Results and conclusions
S. nodorum was inhibited in liquid culture by the presence of S. tritici, when S. tritici comprised 50 and 75% of the total number of spores present. When two S. nodorum isolates were grown together in equal proportions, the amount of mycelium was less than the expected value. This suggests S. nodorum may produce inhibitory substances in vitro. However, the growth of S. tritici was enhanced by the presence of the second S. tritici isolate. These results indicate that S. tritici may be a better competitor than S. nodorum and that S. tritici has a higher plasticity than S. nodorum. In vitro studies to test the effect of different forms and amounts of N showed that S. nodorum had a threshold value for N of 4 g/l in both solid and liquid media. Most growth of S. nodorum was supported by the medium containing NaNO3 at 4 g/l for the three isolates. Isolates of S. tritici had an optimum growth rate at 4 g/l for the three N forms. However, the isolate preference for the N form appeared to be specific for different isolates, suggesting that there is intra-specific variation for this factor in S. tritici. S. nodorum did not sporulate well on most N forms, except for NaNO3, but vigorous mycelial growth was supported by most of the growth media. The form of available N may play an important role in determining sporulation in S. nodorum. The three S. nodorum isolates responded similarly to different N treatments, whereas the S. tritici isolates were more inconsistent in their response. This suggests there is considerably more intra-specific variation in S. tritici than S. nodorum for this factor.
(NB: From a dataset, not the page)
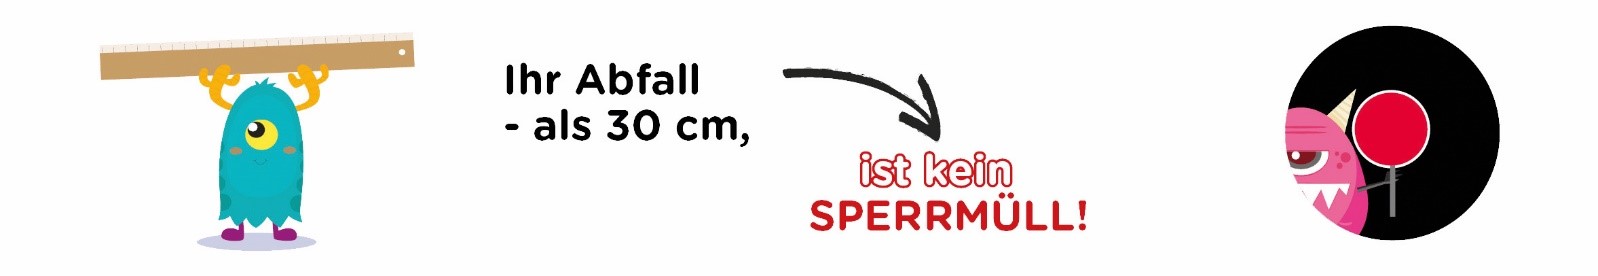 Sperrmull-Logo-1.jpg
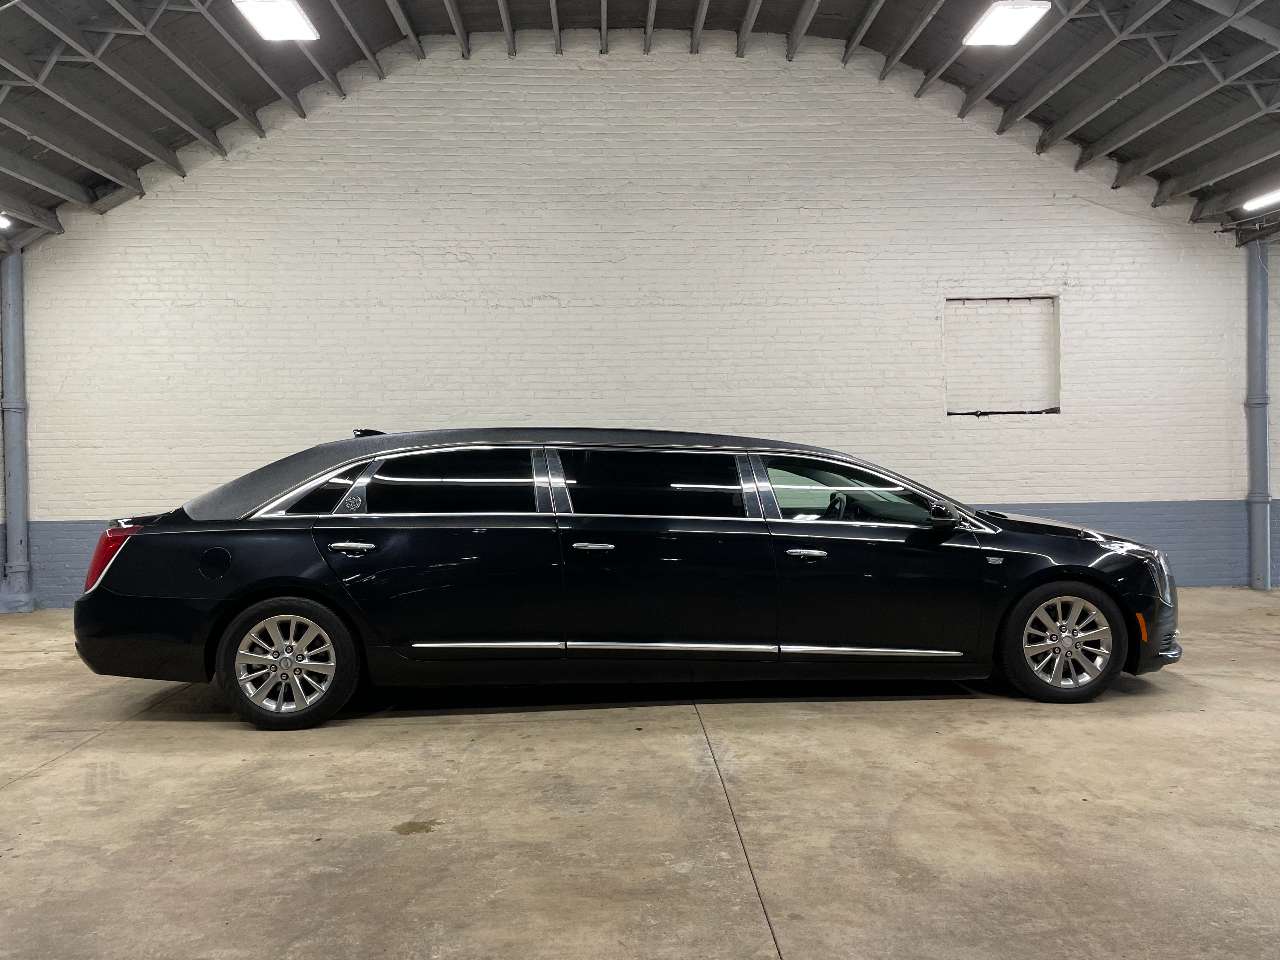 2018 Cadillac S S 52   6 Door Limousine 1661510537500

A significant decrease in symptom expression was observed when leaves were pre-treated with a yeast suspension prior to inoculation with S. nodorum compared to S. nodorum alone. This confirms results of other workers, in which ears of wheat dipped in suspensions of phyllosphere yeasts had less than 50% infection caused by S. nodorum [1]. There was a slight decrease in symptom expression and the number of pycnidia produced by S. tritici when leaves were pre-treated with the yeast. There may be induced resistance to S. nodorum as a result of pre-treatment with the yeast. S. tritici does not appear to be as sensitive to the presence of the yeast as S. nodorum.

References
1. Fokkema NJ, Den Houter JG, Kosterman YJC, Nelis AL, 1979. Transactions of the British Mycological Society 73, 19-29.